Resistance Band Squats: How to Perform 3 Banded Squat Variations

The resistance band squat is an excellent exercise to perform when working out at home.

The band provides extra resistance for you to progress with the lower body exercise.

Additionally, the squat is a foundational movement pattern that should be incorporated into your workout routines assuming you are healthy enough to do so.

So, if you’re interested in taking your at-home workouts to the next level, consider investing in a pair of solid resistance bands and begin adding some of these exercise variations into your full body workouts or leg days.

1. Traditional Banded Squat

This variation will likely be the most comfortable for your average person. If you have been performing regular bodyweight squats for a while and have achieved better mobility and depth in your squat, you may want to progress to a banded squat.

The banded squat will work the muscles of the lower body. This includes the hamstrings, quads, glutes, and calves.

For someone looking to add the banded squat to their workout routine, they can do so by adding it to their full body workout. You may also add it in as a main movement for an at-home lower body workout.

A good starting point is 2-3 sets of 6-12 repetitions. If you are a beginner, stick to the lower end of the recommendations. If you’ve been working out for a few weeks, you may be able to begin with the higher end of the recommendations.

How to perform the resistance band squat:

  1. Align the band on the floor with the midpoint of the band aligned with the midpoint of your torso.
  2. Step onto the band with your feet about shoulder width apart. Your feet can point out up to 30* if that is most comfortable to you.
  3. Grasp the band handles or loops and bring them to about shoulder height.
  4. Tighten your core.
  5. Begin to squat by driving your hips back and bending at the knees. Pretending you are taking a seat in a chair can help you accomplish the movement pattern. Continue the movement until you reach slightly below parallel or to a depth your mobility allows.
  6. Reverse the movement by driving into your heels and straightening your legs until you return to an upright stance.
  7. Repeat for the desired number of repetitions.

2. Wide Stance Banded Squat

Taking a wider stance during a squat will put more emphasis on your glutes. This can be helpful if you have a goal of building strength in your glutes for aesthetic or strength purposes. The wider stance will also increase the resistance the band provides on the movement. Keep this in mind when selecting the band you will use for the exercise.

Wide Stance banded squats can be performed as a main movement or as an accessory exercise depending on your goals.

How to perform the wide stance banded squat:

  1. Align the band on the floor with the midpoint of the band aligned with the midpoint of your torso.
  2. Step onto the band with your feet outside shoulder width apart. Your feet can point out up to 30* if that is most comfortable to you.
  3. Grasp the band handles or loops and bring them to about shoulder height.
  4. Tighten your core.
  5. Begin to squat by driving your hips back and bending at the knees. Pretending you are taking a seat in a chair can help you accomplish the movement pattern. Continue the movement until you reach slightly below parallel or to a depth your mobility allows.
  6. Reverse the movement by driving into your heels and straightening your legs until you return to an upright stance.
  7. Repeat for the desired number of repetitions.

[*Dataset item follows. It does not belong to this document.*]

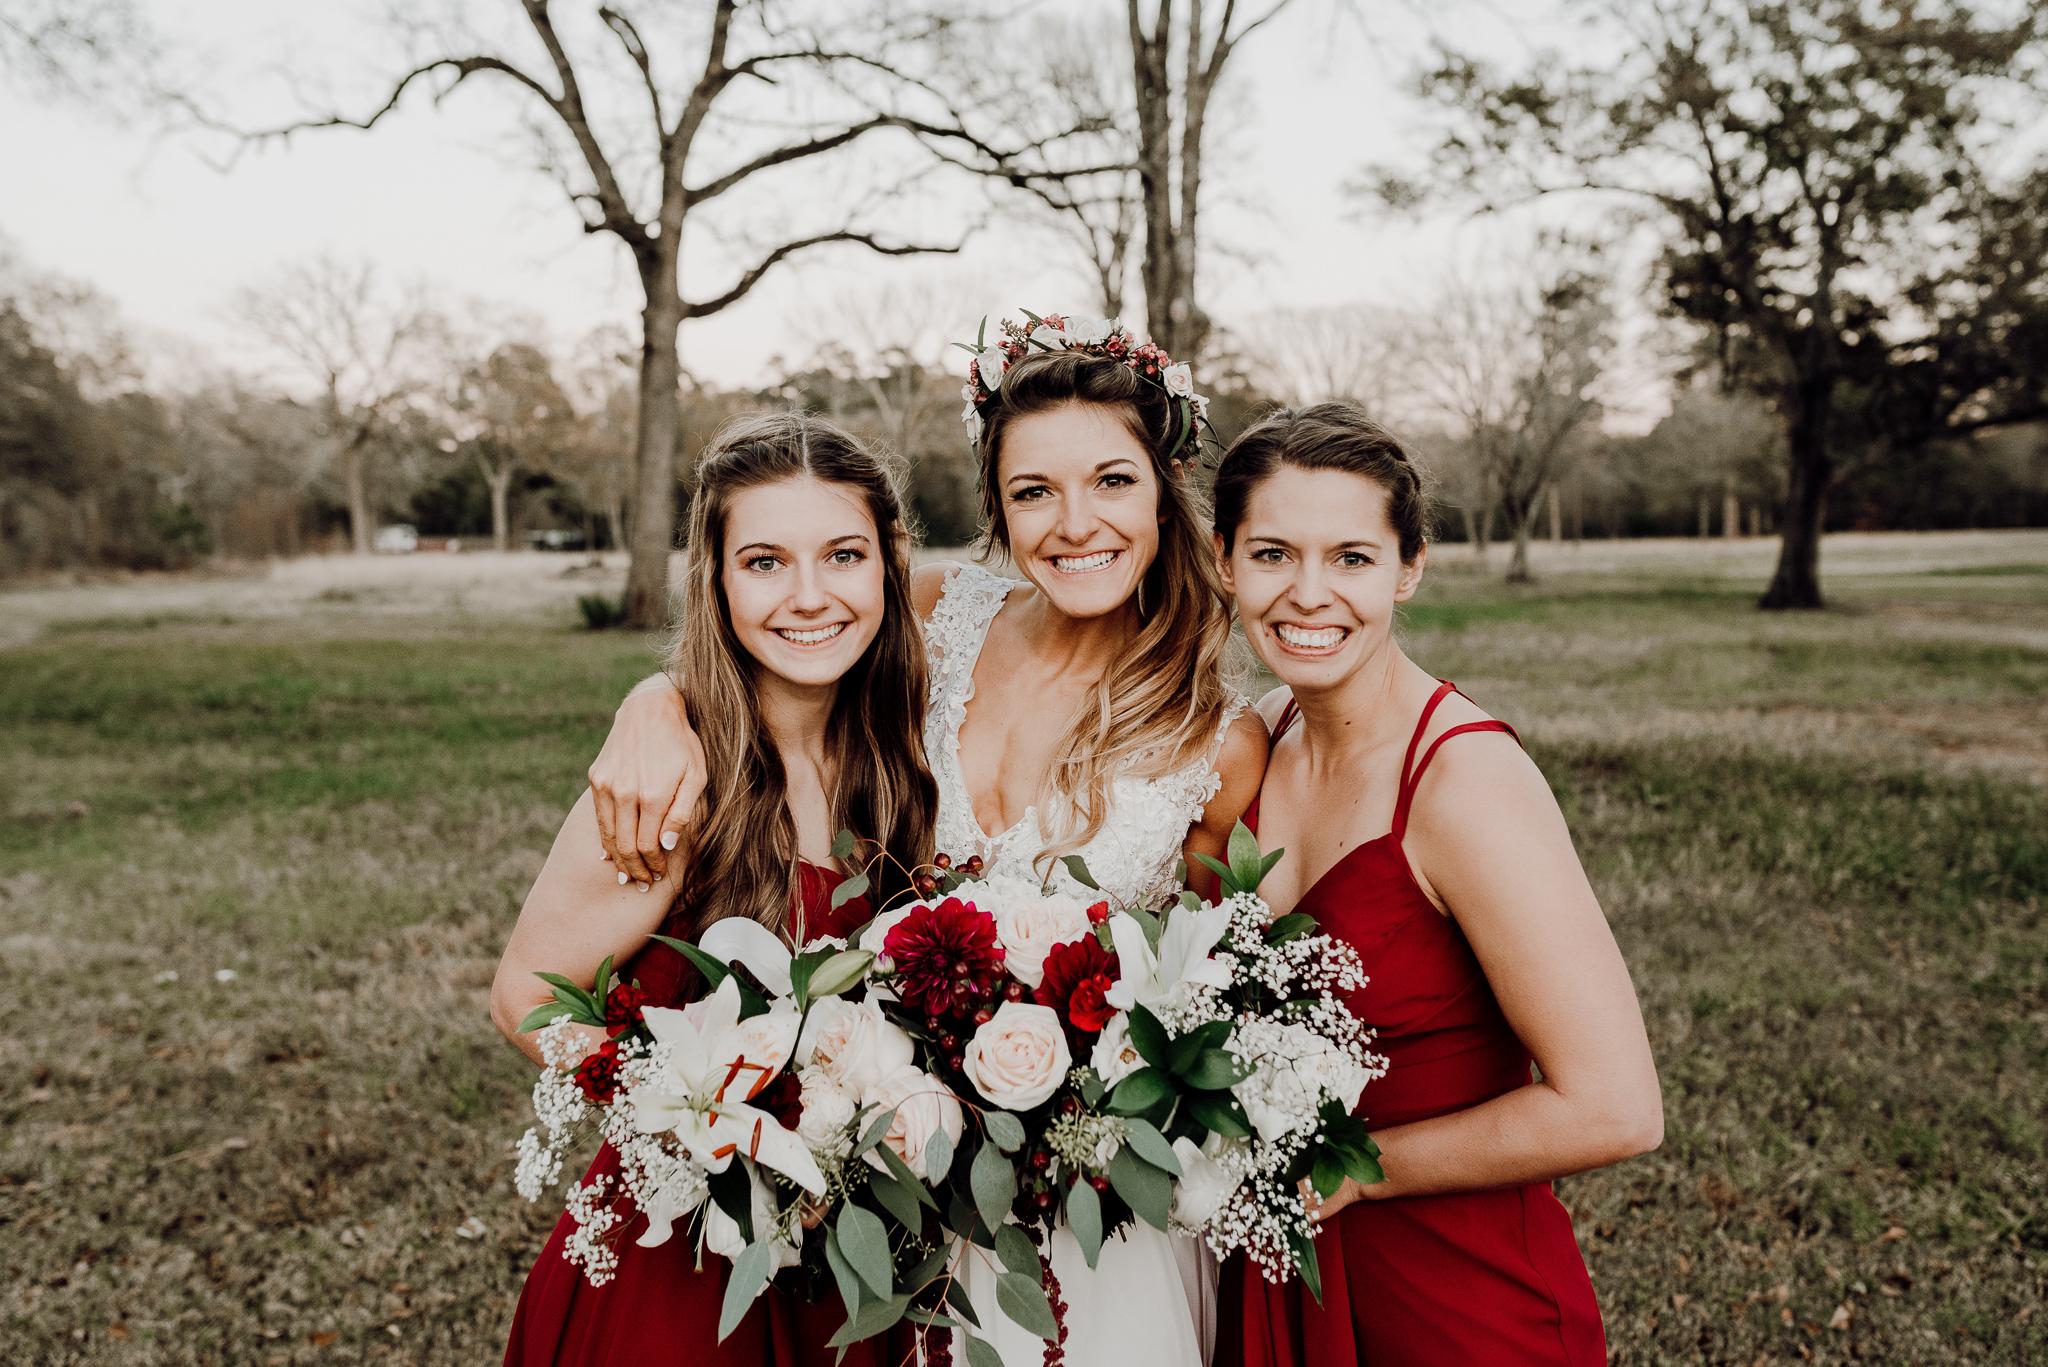 Michelle + Aron-Houston Wedding Photographer-Magnolia Meadows-Winter Wedding | Kristen Giles Photography - 076.jpg

3. Narrow Stance Banded Squat

Narrow stance banded squats will put more emphasis on the quads. Since the band is less stretched due to your foot placement on the band, this exercise may seem easier from a resistance standpoint. If you find this to be the case, you can select a thicker resistance band to provide more of a challenge.

That said, the narrow stance may prove to be more challenging for some. Especially if you tend to lack the mobility to reach parallel with a mor narrow stance.

If your goal is to build strength in your quads, this might be a good variation to either incorporate as the main squat movement of your workout routines or as an accessory exercise.

How to perform the narrow stance banded squat:

  1. Align the band on the floor with the midpoint of the band aligned with the midpoint of your torso.
  2. Step onto the band with your feet inside shoulder width apart. Your feet can point out up to 30* if that is most comfortable to you.
  3. Grasp the band handles or loops and bring them to about shoulder height.
  4. Tighten your core.
  5. Begin to squat by driving your hips back and bending at the knees. Pretending you are taking a seat in a chair can help you accomplish the movement pattern. Continue the movement until you reach slightly below parallel or to a depth your mobility allows.
  6. Reverse the movement by driving into your heels and straightening your legs until you return to an upright stance.
  7. Repeat for the desired number of repetitions.

Conclusion

In this article, we discussed 3 different squat variations you can perform with a resistance band. With the versatility resistance bands can provide, these banded squats are perfect for someone looking to workout at home, while traveling, or while enjoying the great outdoors.

As mentioned, you could incorporate any of these resistance band squats into your workouts, or pair them with banded deadlifts and perform all 3 variations for an excellent banded leg workout. To do this, simply perform 2-5 sets of 8-15 reps of each squat variation.